A faithful copy of all the data is the goal; omit the pictures.

• GIVEN INFORMATION
-- -- --

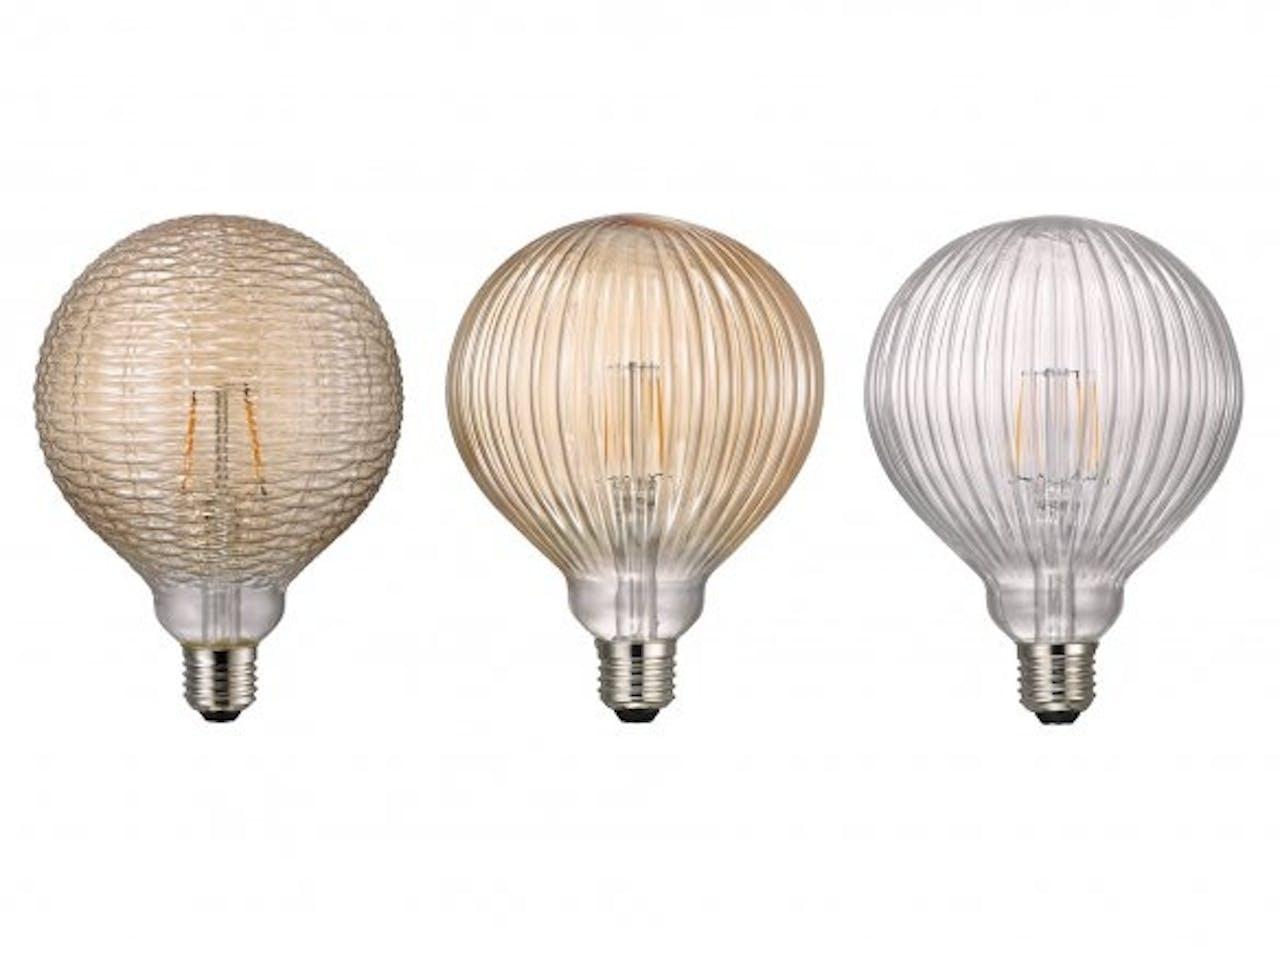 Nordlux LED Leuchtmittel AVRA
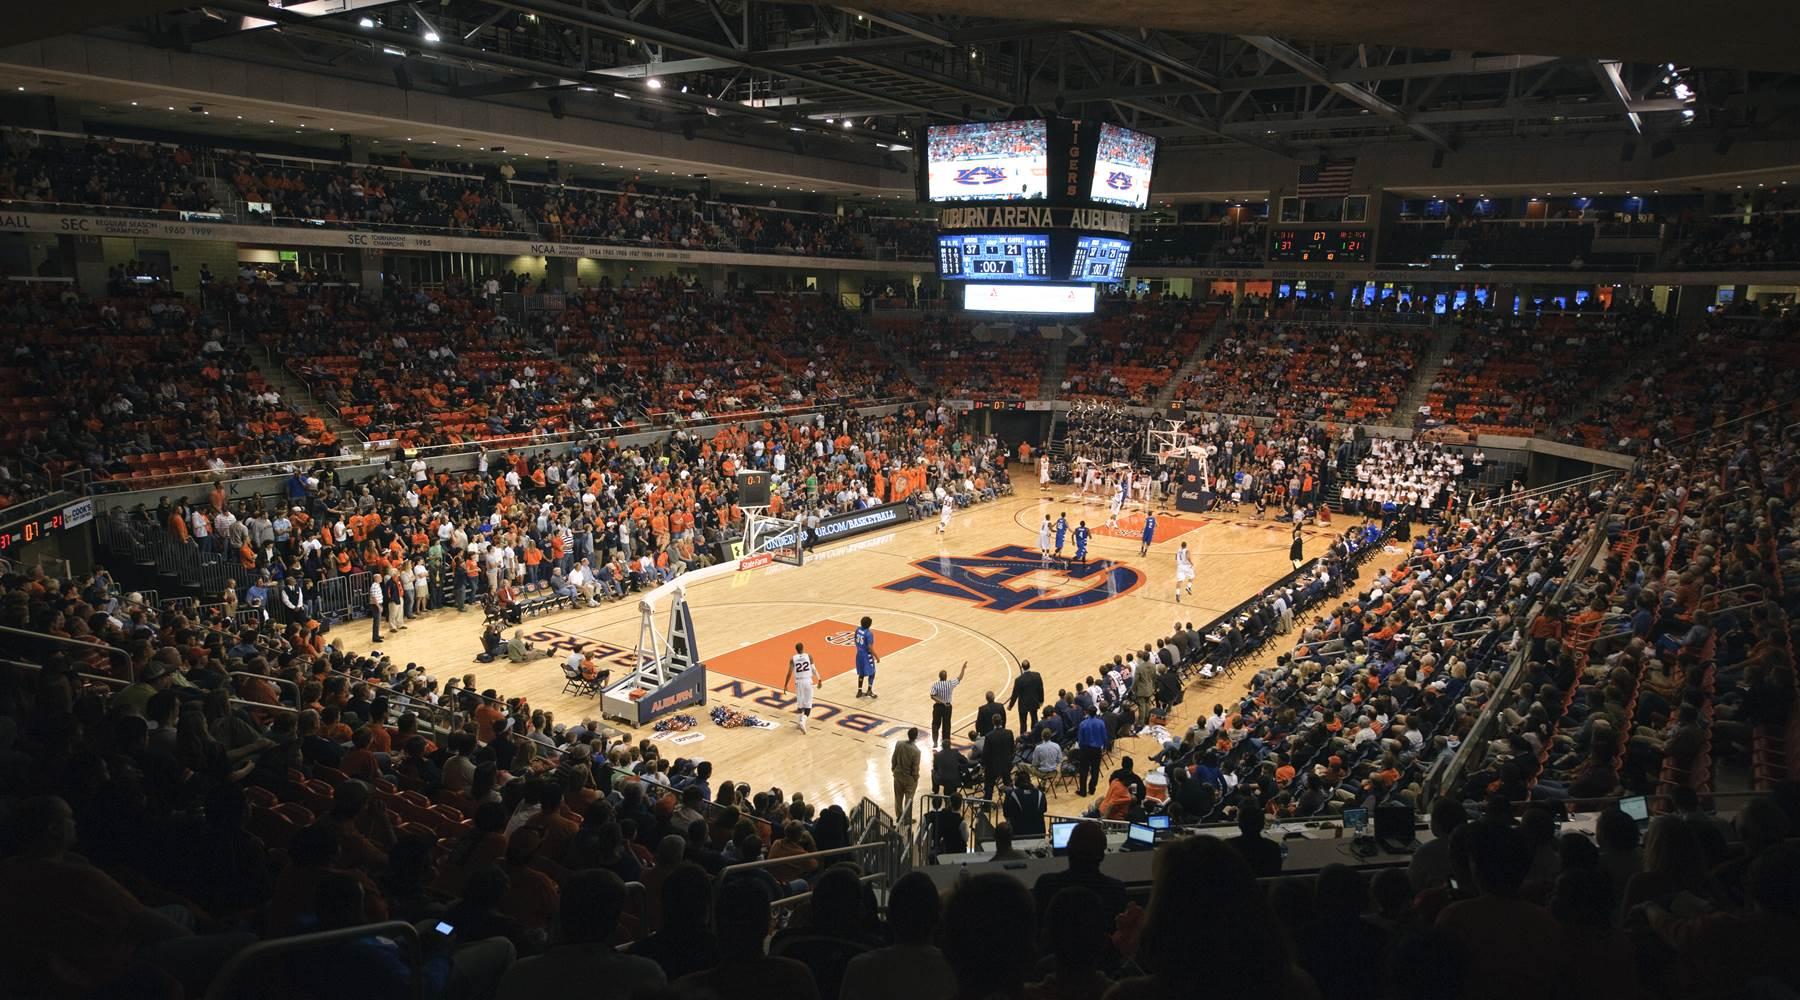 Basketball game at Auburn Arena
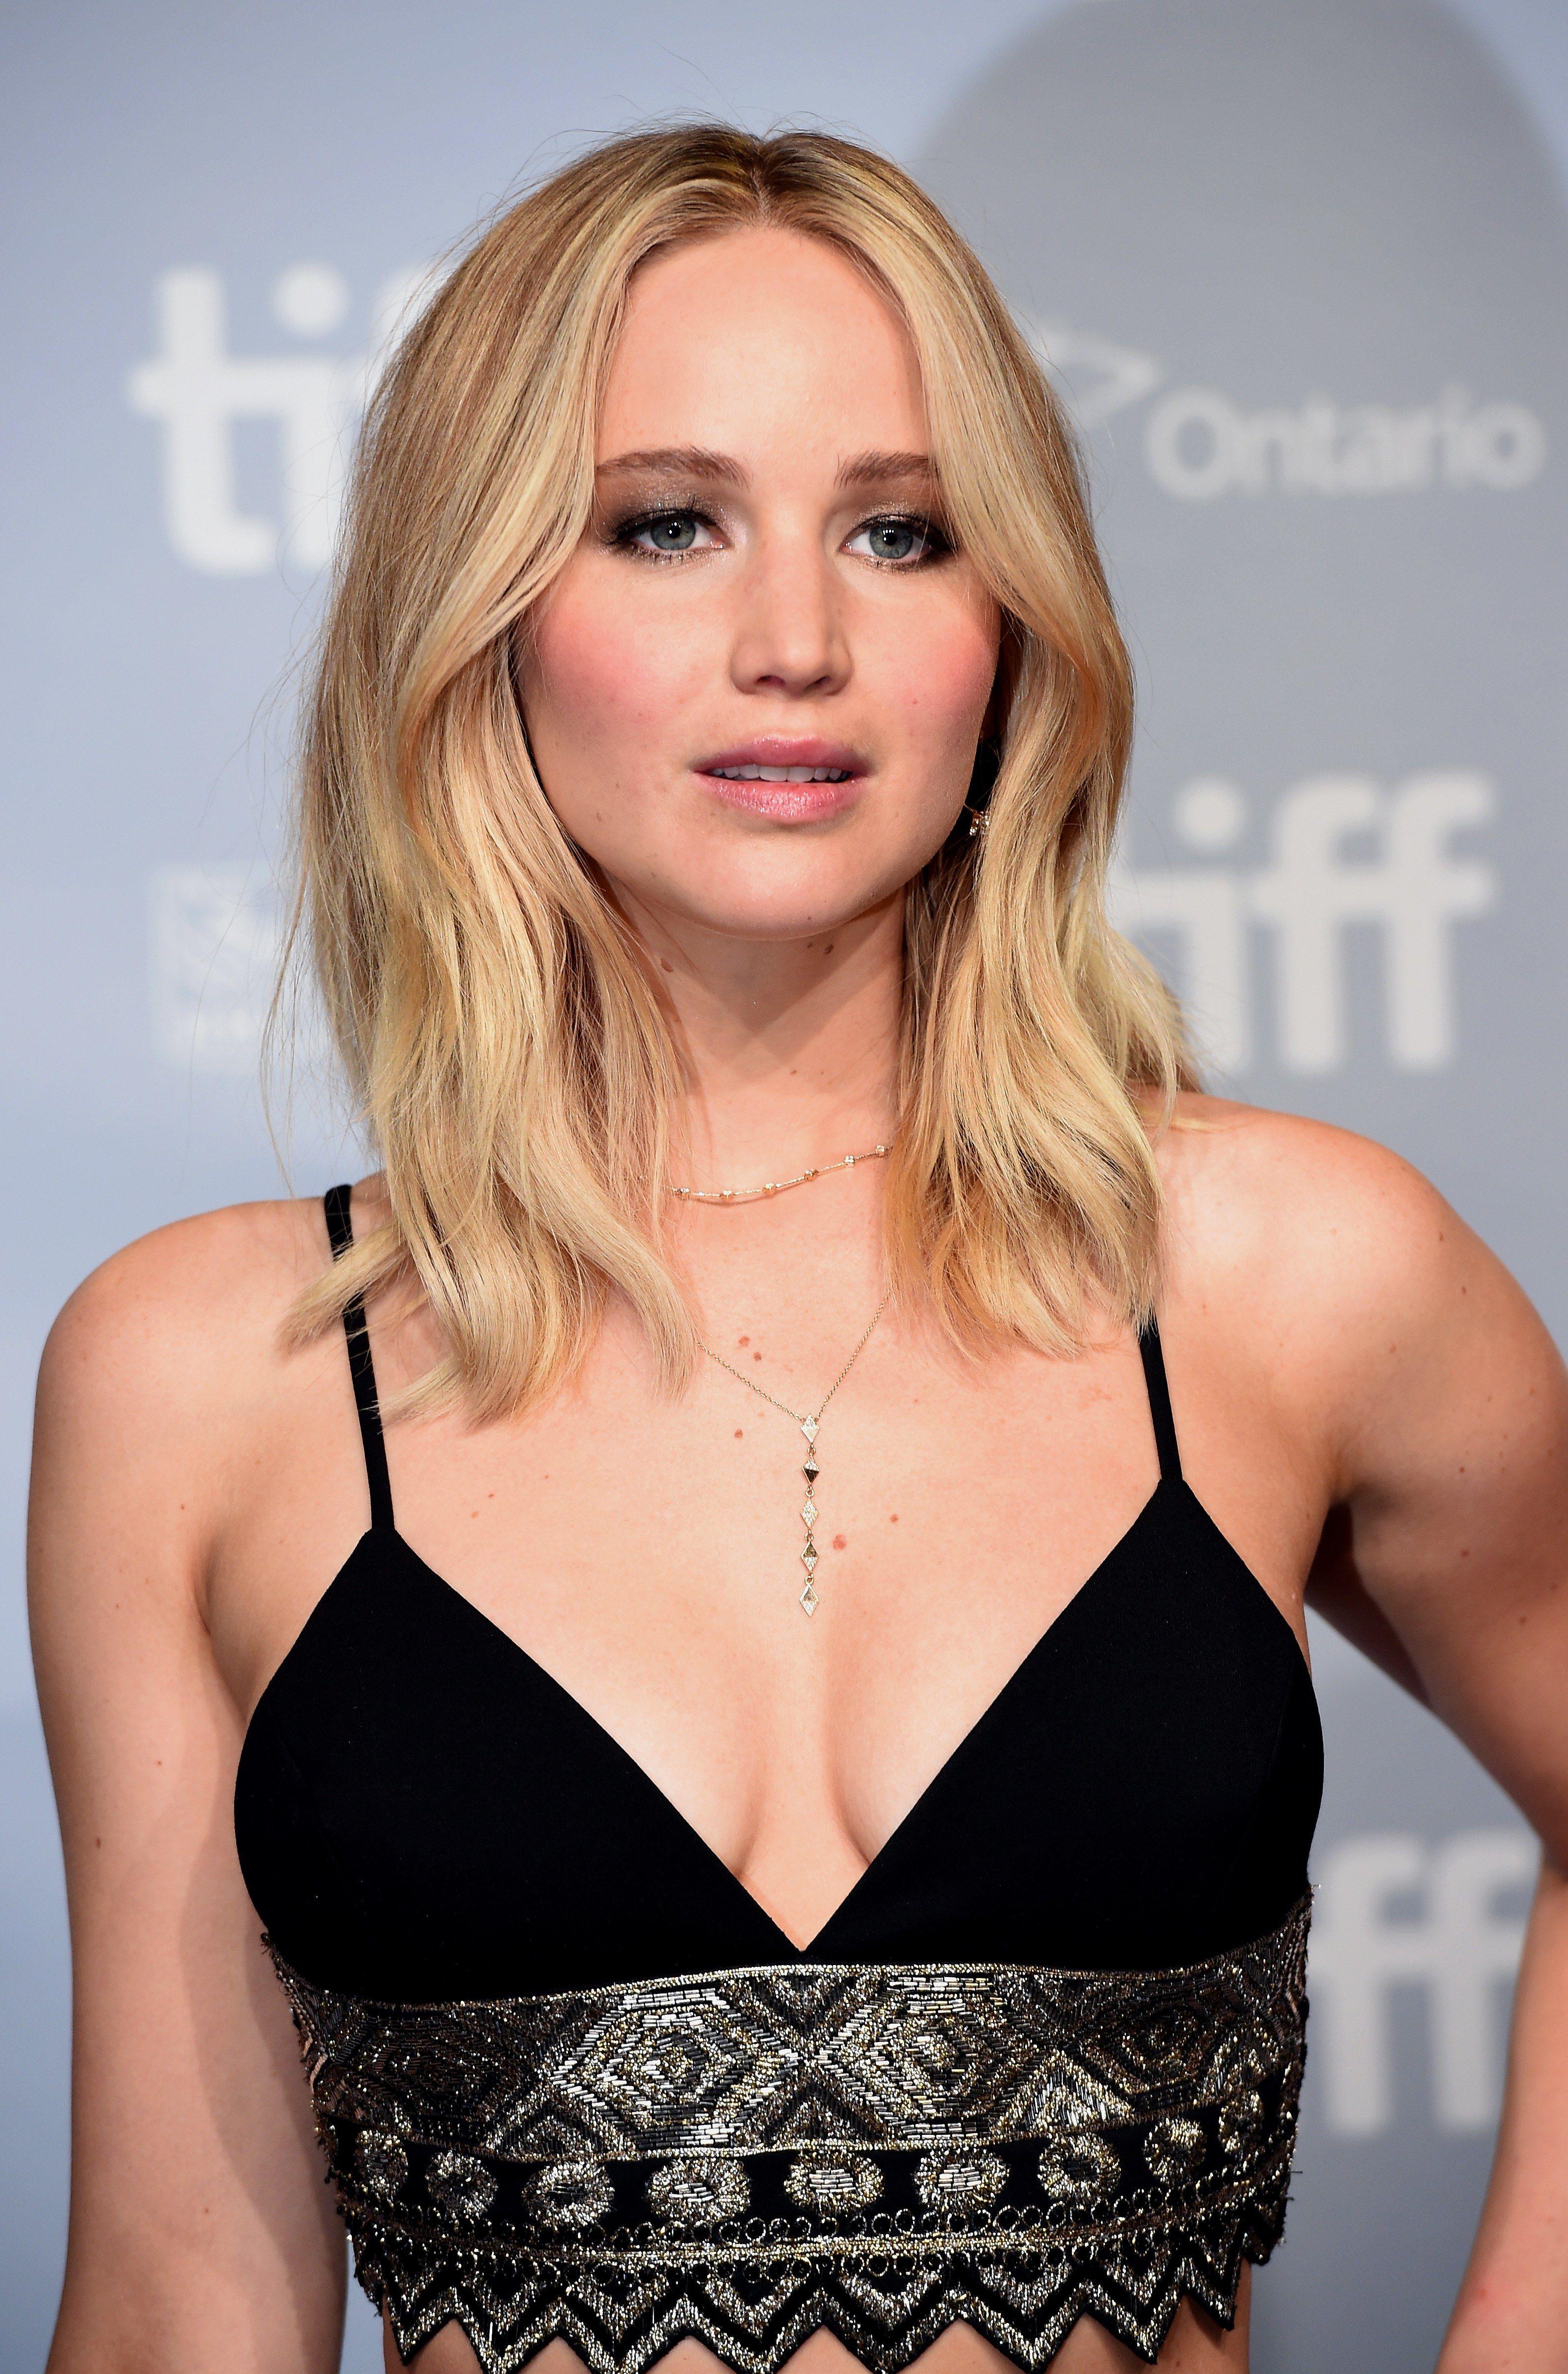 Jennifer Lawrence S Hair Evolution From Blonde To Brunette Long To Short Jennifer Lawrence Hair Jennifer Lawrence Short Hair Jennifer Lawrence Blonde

-- -- --

• WRITTEN ANSWER
 Nordlux LED Leuchtmittel AVRA
 Basketball game at Auburn Arena
 Jennifer Lawrence S Hair Evolution From Blonde To Brunette Long To Short Jennifer Lawrence Hair Jennifer Lawrence Short Hair Jennifer Lawrence Blonde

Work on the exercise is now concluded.